Этот листок, это больше, чем табу, это то же самое, что дотрагиваться до тела, я роюсь в его душе, воплотившейся в этом тексте, препарирую ее, эту поэму, написанную для нее, зашифрованную в виде сценария, черную поэму, заклинание, вербальное обладание. Я как лорд Кернован, который завладел в усыпальнице священными останками египетских владык и сразу после этого умер загадочной смертью. Проклятие!.. Что бы то ни было: обрывки фраз, останки, подобранные с земли, отбросы, годные разве что для канализации, – во всем этом остается некая священная ипостась, а я отважился подвергать их анализу, тащить в лабораторию, выяснять, что там за пятна, что же скрывается в волокнах бумажного листка. Героин? Кокаин? Да он, кажется, в 90 % десятидолларовых и пятидесятидолларовых бумажек, находящихся в обращении в больших городах Соединенных Штатов. А я подвергну этот листок рентгеновскому излучению, сделаю томограмму, пропущу через химические растворы, сделаю анализ на содержание углерода 14, заставлю его заговорить… «И вы, значит, слушаете, наблюдаете, вы этим занимаетесь, да?» – так давным-давно определила меня девушка на яхте в Каннах».
Но уже через мгновение он прочел в этих строчках, за ними, просьбу не оставлять их без внимания, предложение откомментировать их, даже развить – почему бы и нет? – вышить жизнь этой женщины, певицы, актрисы, прошедшую между Германией и Парижем во второй половине XX века по этим эпизодам, как по канве.

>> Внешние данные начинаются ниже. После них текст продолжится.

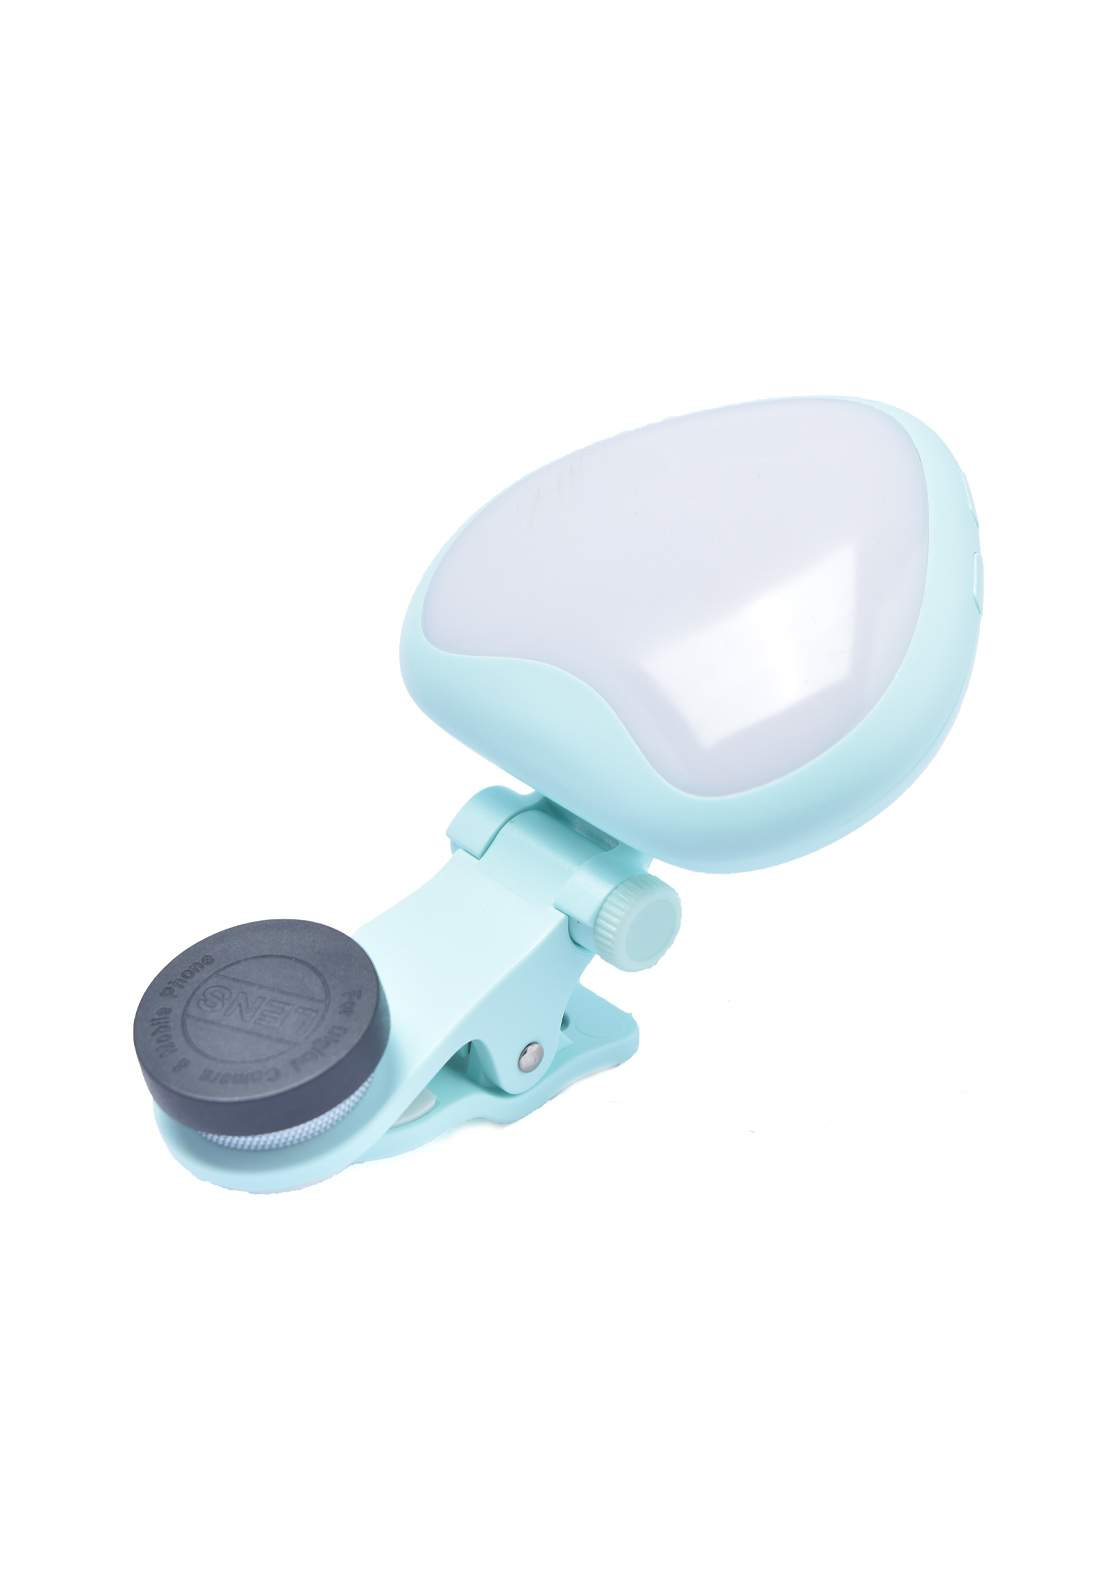 Minigood  Beauty LED Flash Lights and Lens عدسة مع فلاش للموبايل

Можно было действительно решить, что этот набросок, краткий план жизни, найденный на полу, просил продолжения, требовал, чтобы за него взялся другой человек, точно так же, как это было в жизни этой женщины: Шарль в каком-то смысле сменил Райнера. Все, что пишется, не более чем одна большая книга, в которой каждый представляет собой одну главу, и можно рассматривать каждый пункт на этом клочке бумаги как приглашение к дальнейшему рассказу, попытку воспеть эту женщину с нюансировкой темной стороны ее жизни, что, впрочем, не так легко, учитывая склонность Шарля все драматизировать. И стоило ему в очередной раз задуматься над этими обрывками фраз, написанными вроде бы без очевидной цели, как он начинал слышать в них настойчивую необходимость, они требовали действия, ответа, как загписка, извлеченная из бутылки, брошенной в море: это было завещание, заклинание или мечта, поэма и, учитывая обстоятельства, – пробирное клеймо, отпечаток истины, даже в «неверных» пунктах. «Я так и вижу Райнера: он лежит на кровати на животе, руки свешиваются до пола, из одной выпадает листок… А все, что смогу написать я, как бы точно и верно ни было, будет выглядеть по сравнению с этим листком бесплатным упражнением, этакой литературной игрой, красивыми фразами. А на этом клочке бумаги, даже пункты с 14-го по 18-й, при всем том, что они придуманы, звучат как наваждение, при всей их неполноте и фрагментарности, они правдивее, чем вся литература. А от меня можно ждать разве что стилистической акробатики – так цирковая собачка печатает на машинке, – приблизительных оценок и красивых фраз, более или менее напыщенных, пустых и необязательных медитаций… Чего будут мне стоить слова, будь они даже очень талантливы и блистательны? Он же бросал ей вызов, он с этой жалкой бумажонкой был более живым, потому что вызывал эту женщину, звал ее, проклинал за то, что ее не было рядом с ним, потом накладывал с помощью слов магические заклятия, призывал на ее голову мрачную кончину… В этом клочке бумаги было что-то неопровержимое, как вещественное доказательство, это было просто свидетельство страсти, которую испытывал человек в последнее мгновение своей жизни, когда перестаешь или почти перестаешь лгать и когда даже если бредишь, то бредишь по-настоящему. По сравнению с этим жалким, в пятнах, клочком бумаги – смятой страницей бывшего сценария, валявшейся на полу, биография, которую я попытаюсь написать, будет выглядеть простым обманом.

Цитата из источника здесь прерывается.